On 10/22/2022 at 4:48 PM, chloelinadan said:

at first i begged for another chance but he didn't care.. i told him i respect it at the end and stopped texting hi. after 2 days he made first contact and asked how i am doing and if we can catch up and if i think i am able to rebuild a friendship with him. in his point of view he doesnt want to commit but still have me in his life, he wants to be just friends see how it goes and "maybe" get back in the future.. the conversation was pretty dry i didnt let it continue for long. after a few days i texted him and told him i dont see how this friendship is going to work because for me its either we are in a relationship or nothing as its kind of selfish from his side,

Exactly, it's either all or nothing.

One cannot work on accepting, healing & moving on if they can't cut all ties, in order to do so.

On 10/22/2022 at 4:48 PM, chloelinadan said:

my end goal is to get back with him i know its low of me but i am not willing to give up on this relationship even tho he is.

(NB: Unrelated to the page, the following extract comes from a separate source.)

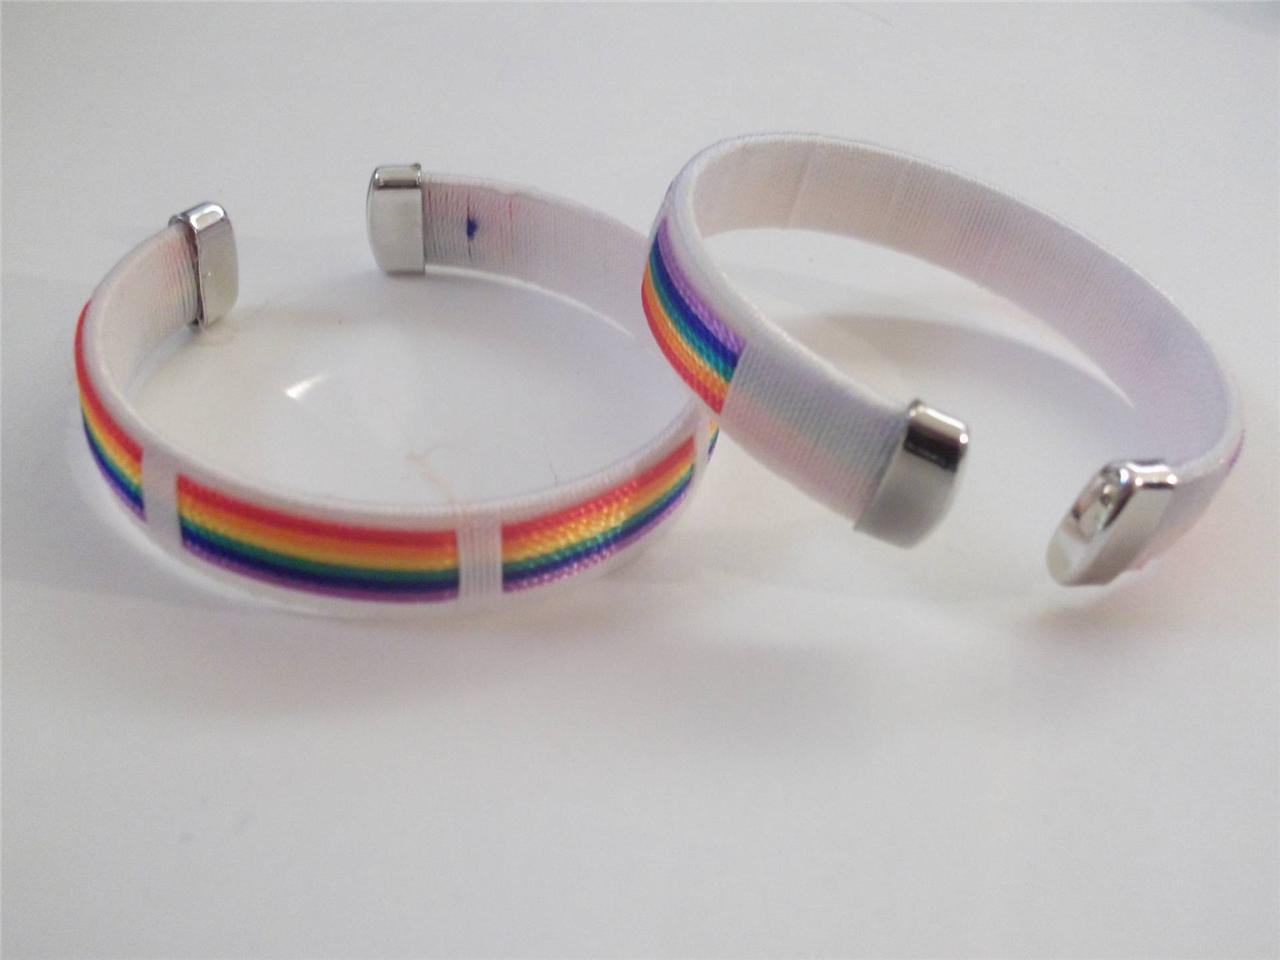 2pc Rainbow Bracelet Flexible Band Bangles Bangle Wristband Pride Flag LGBT Lot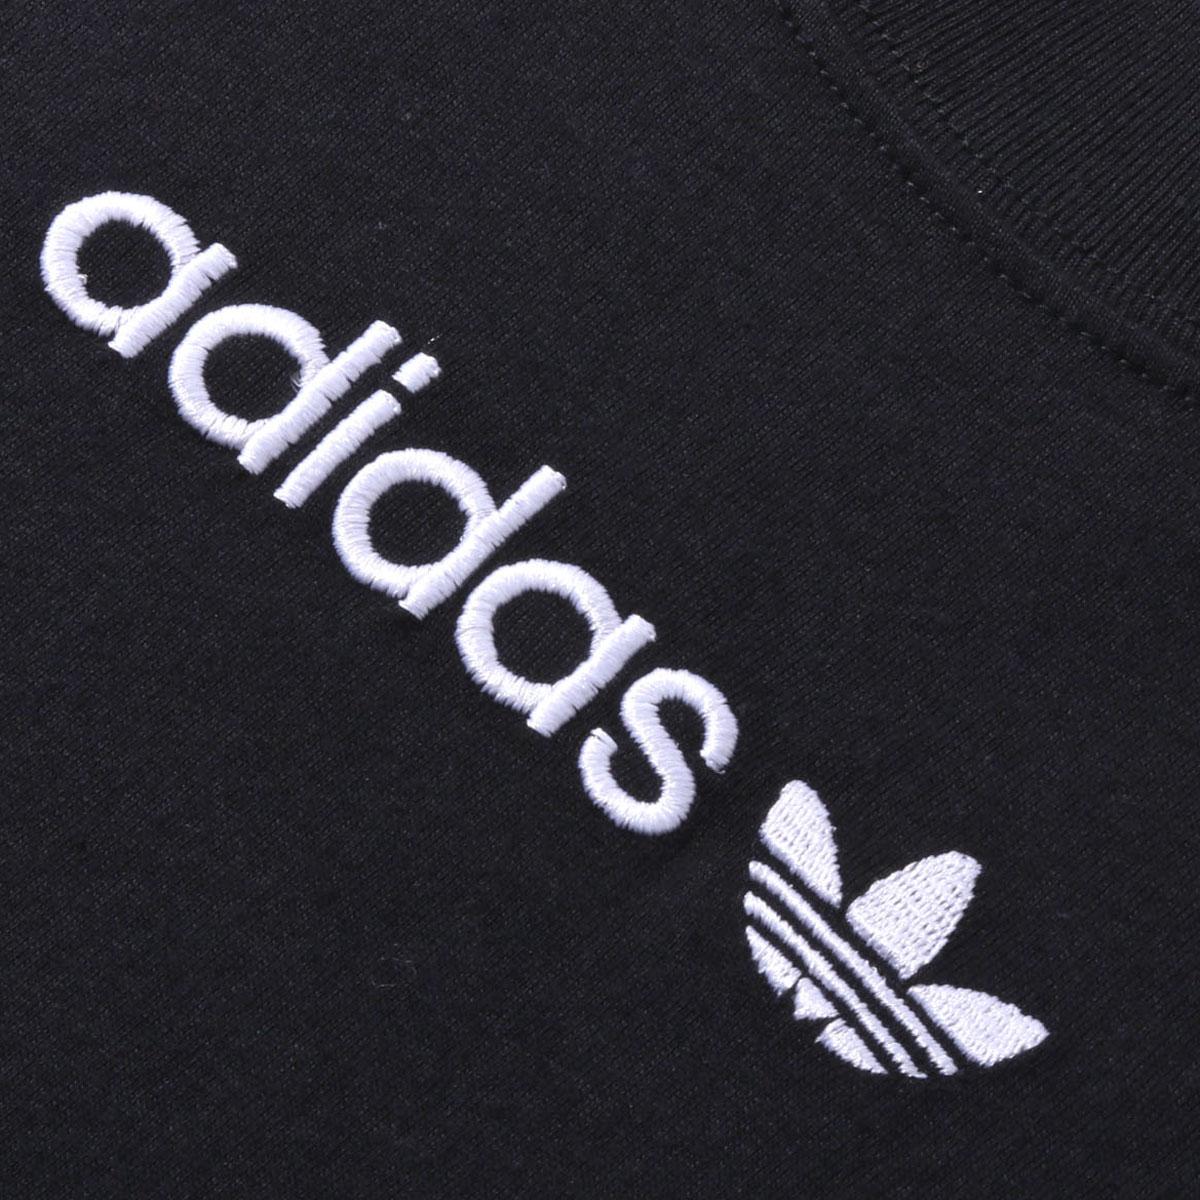 ee9703bdda ... adidas Originals COEEZE LS TEE (BLACK) (Adidas originals COEEZE LS tea)  ...

Read this again - HE is!  He has pulled away twice already.. so, you're okay with a 3rd and 4th?  😕 .. that is damaging to you & this relationship.

 

On 10/22/2022 at 4:48 PM, chloelinadan said:

i dont know if i should completely stop talking to him and see if that helps him realise something and come back (i know there is a low chance but i am still hopeful) or i keep being a friend and prove him this way that i am actually working on my issues and becoming better.

So, is the BU again, due to YOUR insecurities?  If so, YES, is time to work on you now.  No expectations from him.

I say no to 'friends'.  Leave all alone now and actually spend some serious down time on your own.  For sure, work on yourself.  Sounds like you've got some underlying issue's going on.